Recoloco dois artigos de 28 de julho. O primeiro, A epifania do soutien, de 2015, inclui o anúncio “O primeiro Valisere a gente nunca esquece”, de 1987. Multipremiado, Leão de Ouro no Festival de Cannes, consta do livro Os 100 Melhores Comerciais de Todos os Tempos, da jornalista americana Bernice Kanner.

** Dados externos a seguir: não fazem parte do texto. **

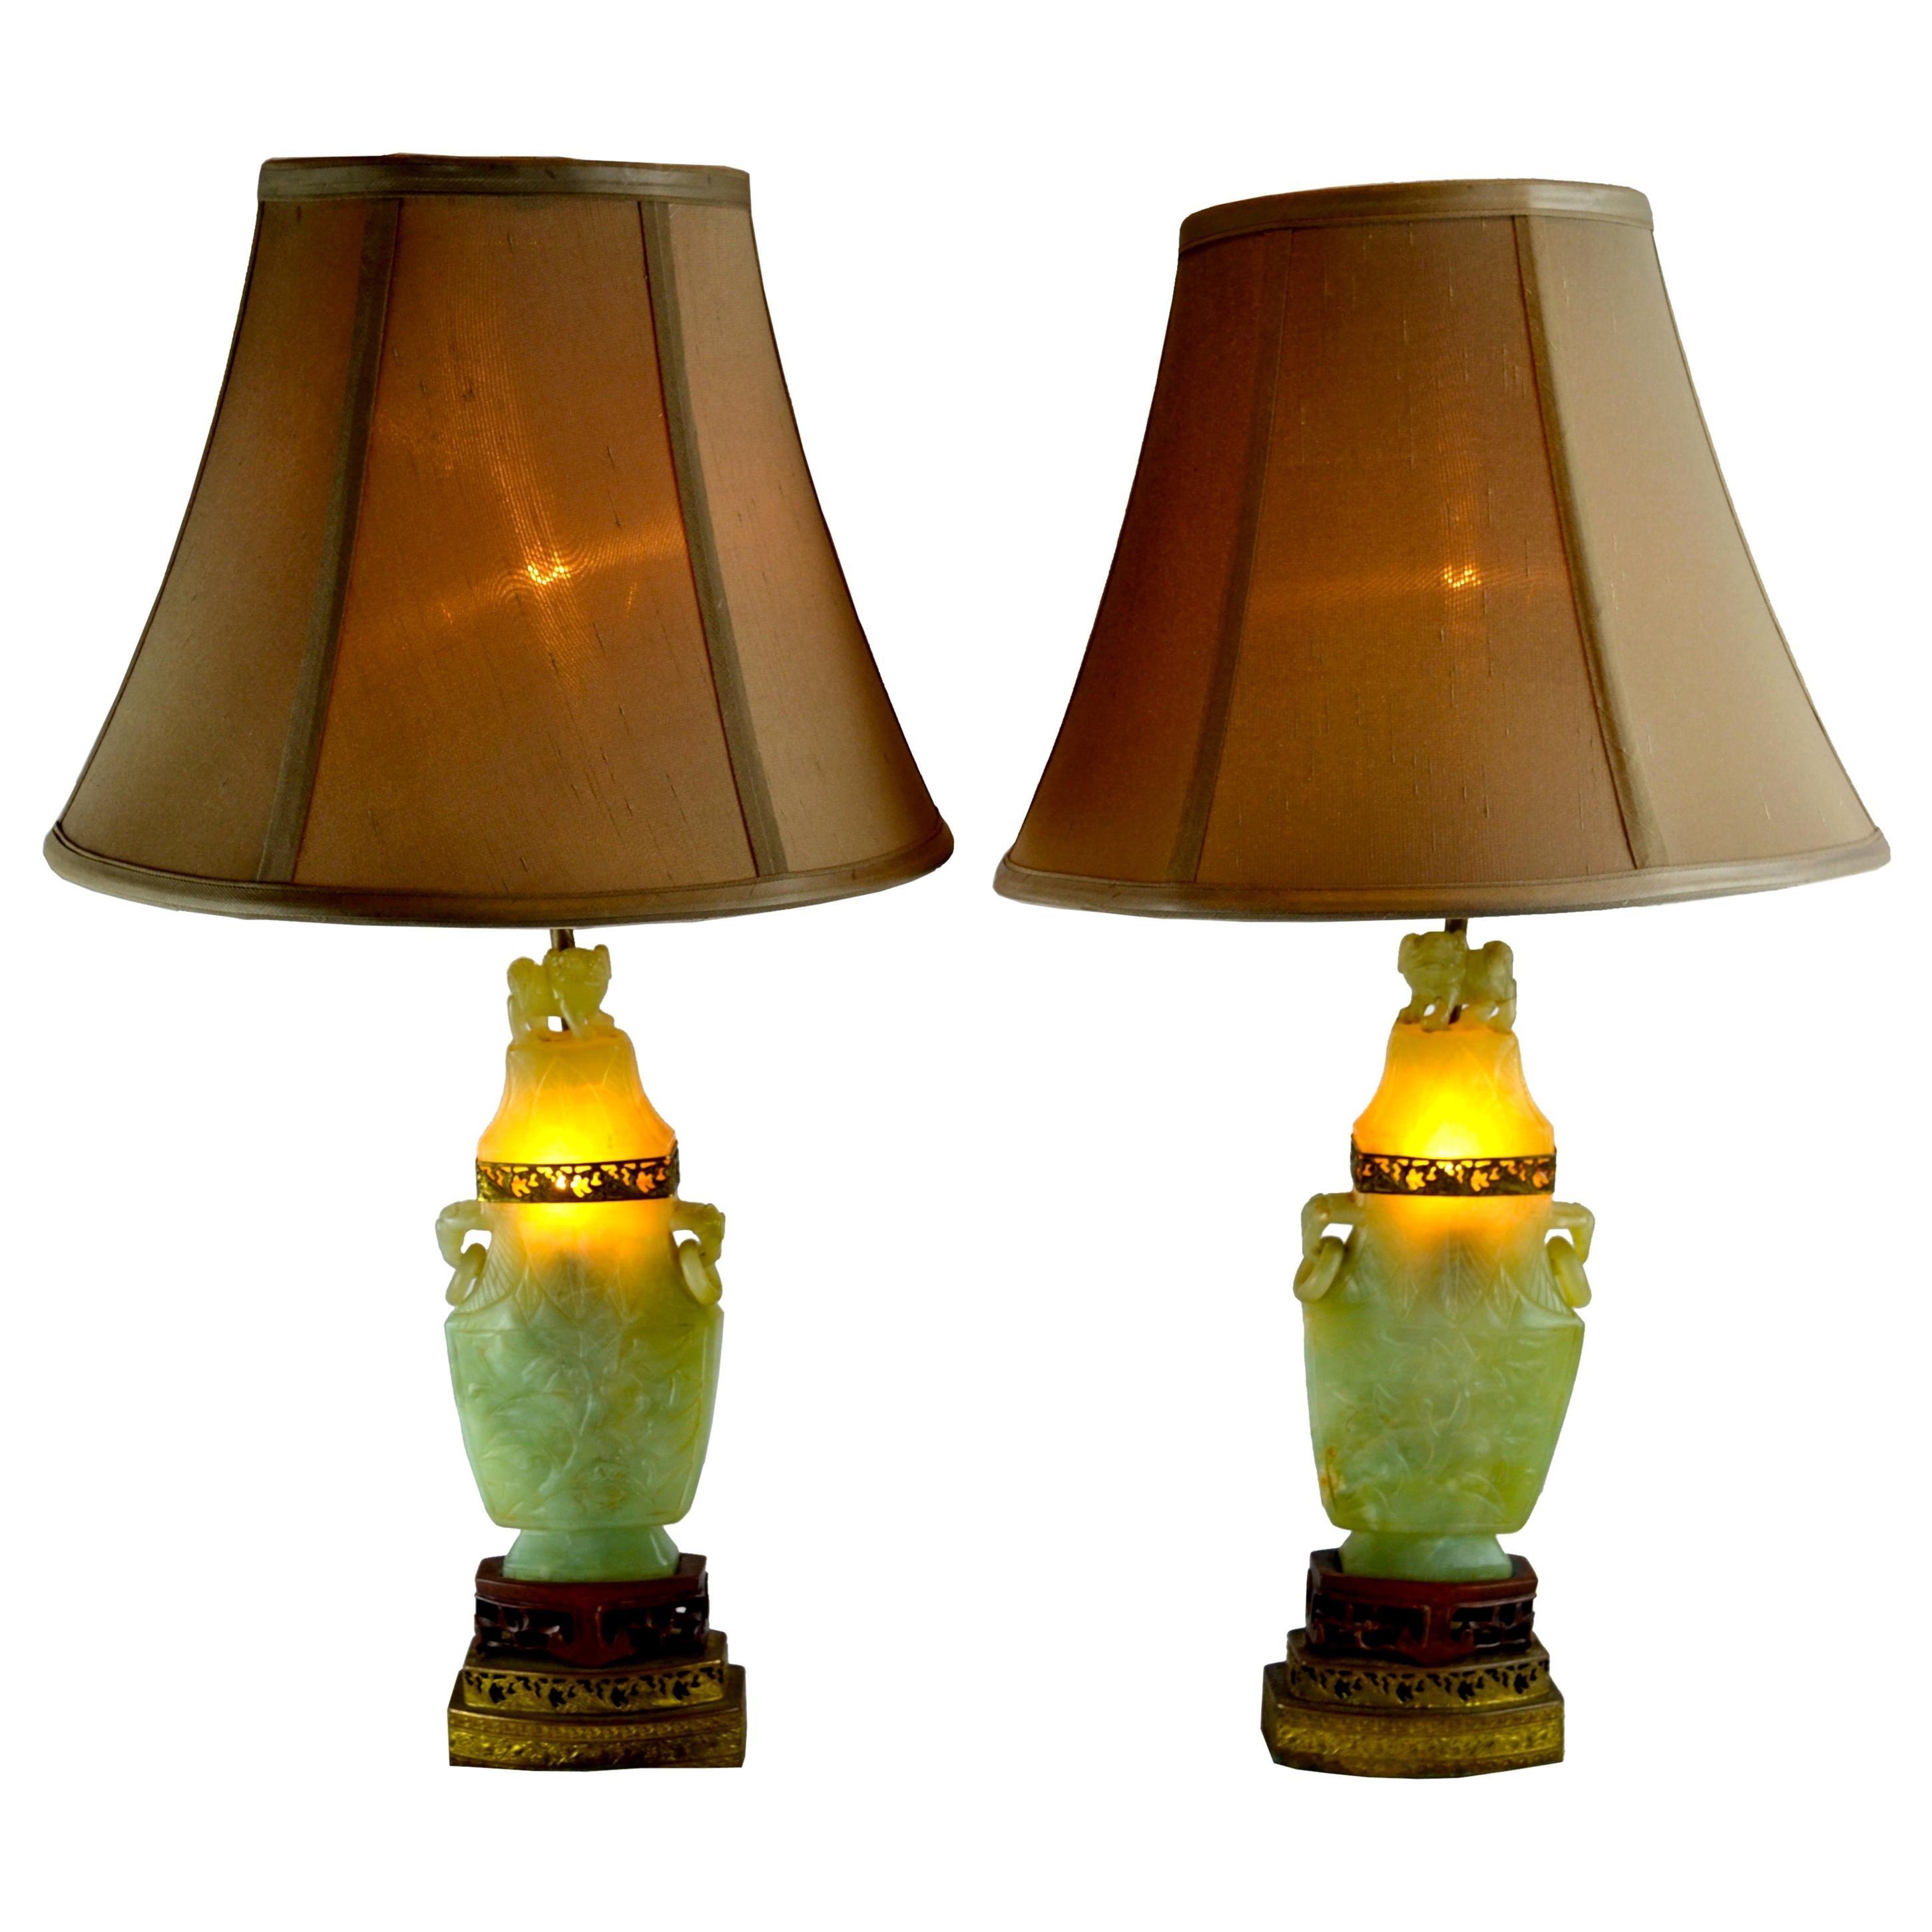 Pair of Chinese Export Jadeite Stone Lamps

Em abril de 1987, a marca VALISERE entraria para a história da publicidade brasileira através da campanha “O primeiro Valisere a gente nunca esquece”, criada por Washington Olivetto e que mostrava o fascínio de uma adolescente, interpretada por Patrícia Lucchesi (então com 11 anos), ao usar seu primeiro sutiã e a sua timidez em ser notada como mulher. O comercial não apenas levantou a imagem da marca de lingerie, além de ganhar vários prêmios no Brasil e no exterior, como também se tornou um ícone da publicidade brasileira, cravando no imaginário popular a frase “O primeiro sutiã a gente não esquece”. O comercial (que pode ser assistido clicando aqui), criado para rejuvenescer a imagem da marca e atrair consumidoras adolescentes, figura, há três décadas, na lista dos filmes mais premiados e citados no meio publicitário e pelo grande público. Essa importância é ainda mais explícita ao fazer uma simples pesquisa no Google para perceber a força desse bordão. São nada menos que 17.500 mil citações distribuídas por sites sobre propaganda, reportagens, blogs, crônicas, chats de bate-papo e até mesmo artigos acadêmicos. Com o êxito da campanha, a marca aumentou gradativamente seus investimentos para comunicação e hoje destina milhões de reais para ações de marketing. (Mundo das Marcas: https://mundodasmarcas.blogspot.com/2006/06/valisre-para-mulheres-inesquecveis.html).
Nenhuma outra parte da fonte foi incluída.